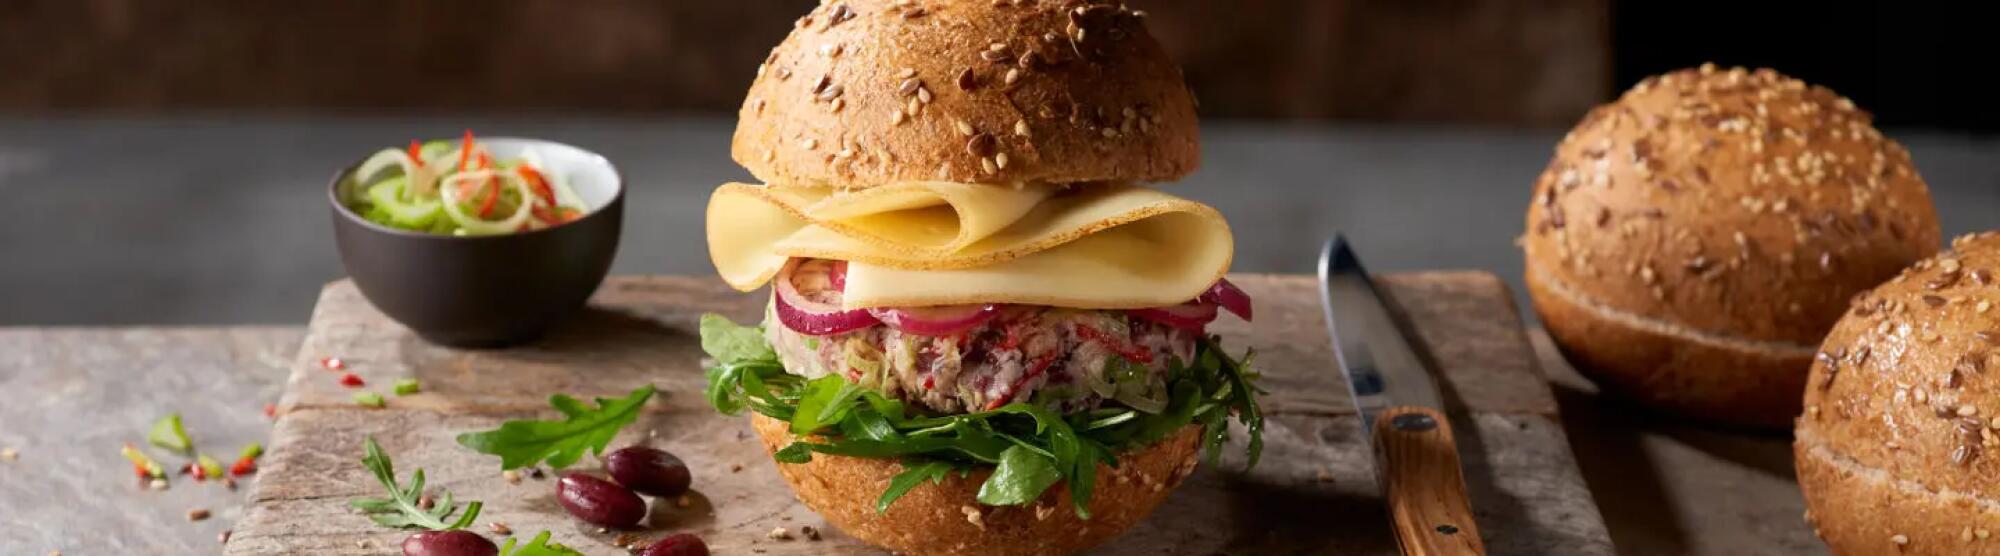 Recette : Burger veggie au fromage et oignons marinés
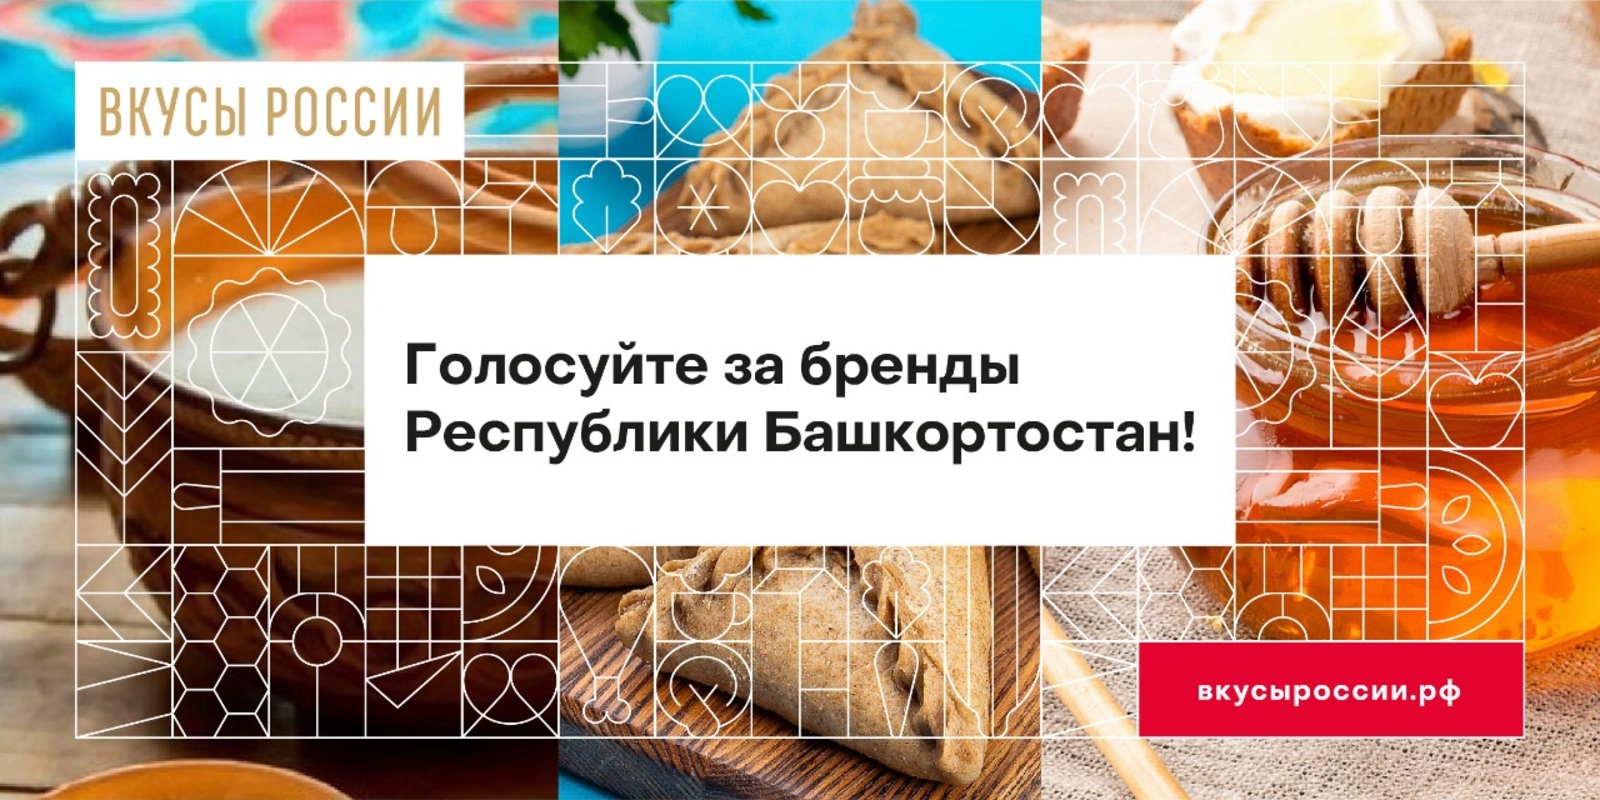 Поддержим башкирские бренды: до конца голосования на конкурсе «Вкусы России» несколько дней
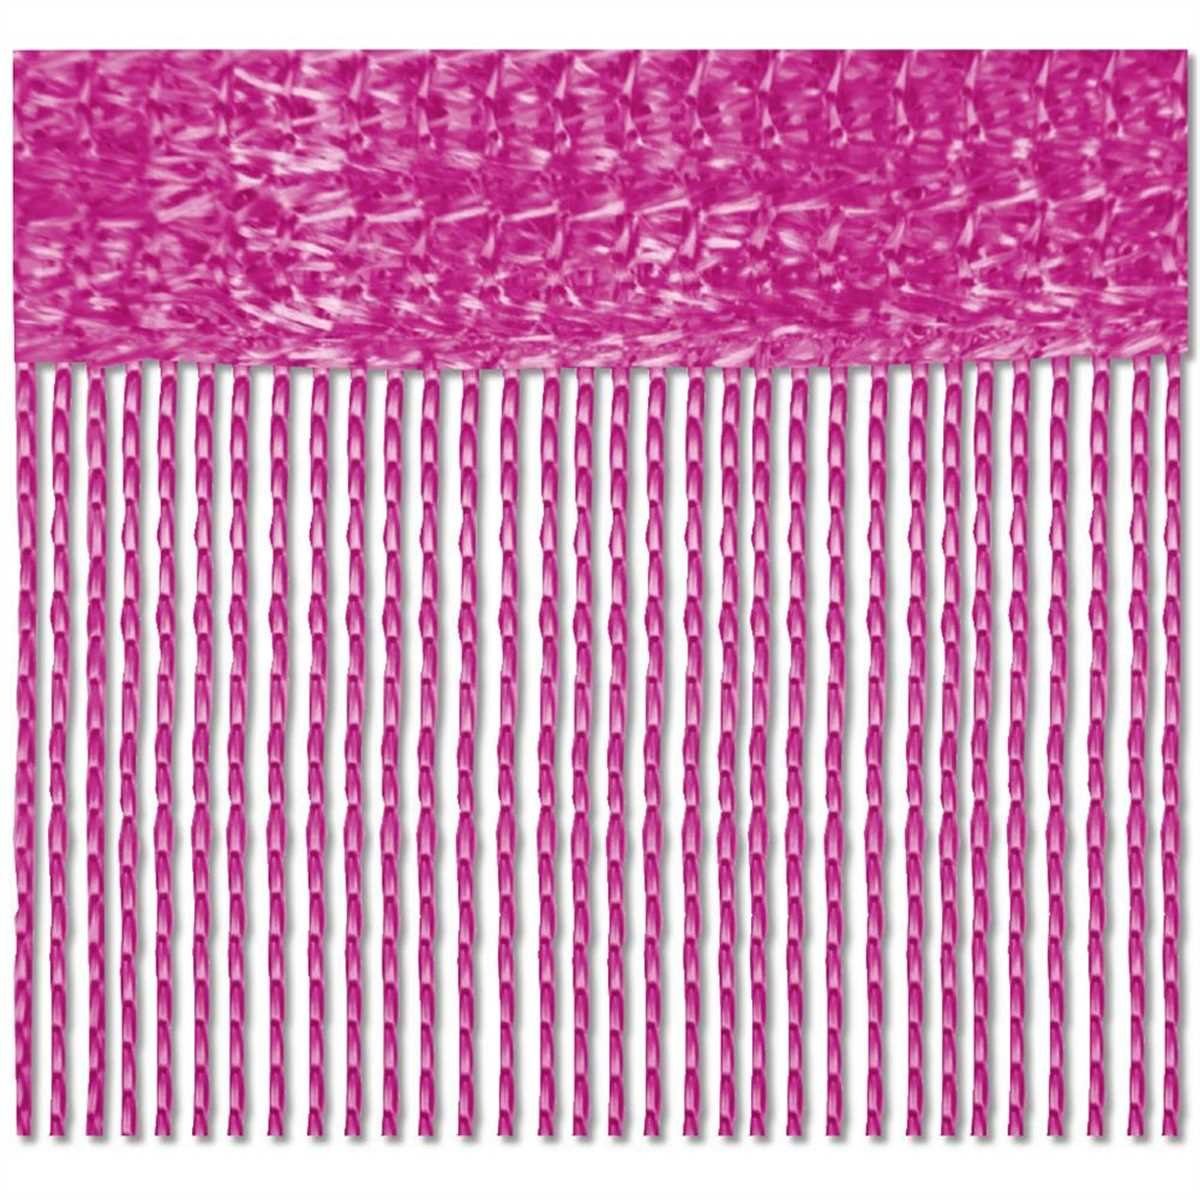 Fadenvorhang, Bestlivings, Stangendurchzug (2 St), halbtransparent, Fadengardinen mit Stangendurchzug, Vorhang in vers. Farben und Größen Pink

REQUIRED WORK: Take the lines of the material above from the first through the one containing "Поддержим башкирские бренды: до", both included, and print them exactly without the pictures.

ANSWER AREA:
 Recette : Burger veggie au fromage et oignons marinés
 Поддержим башкирские бренды: до конца голосования на конкурсе «Вкусы России» несколько дней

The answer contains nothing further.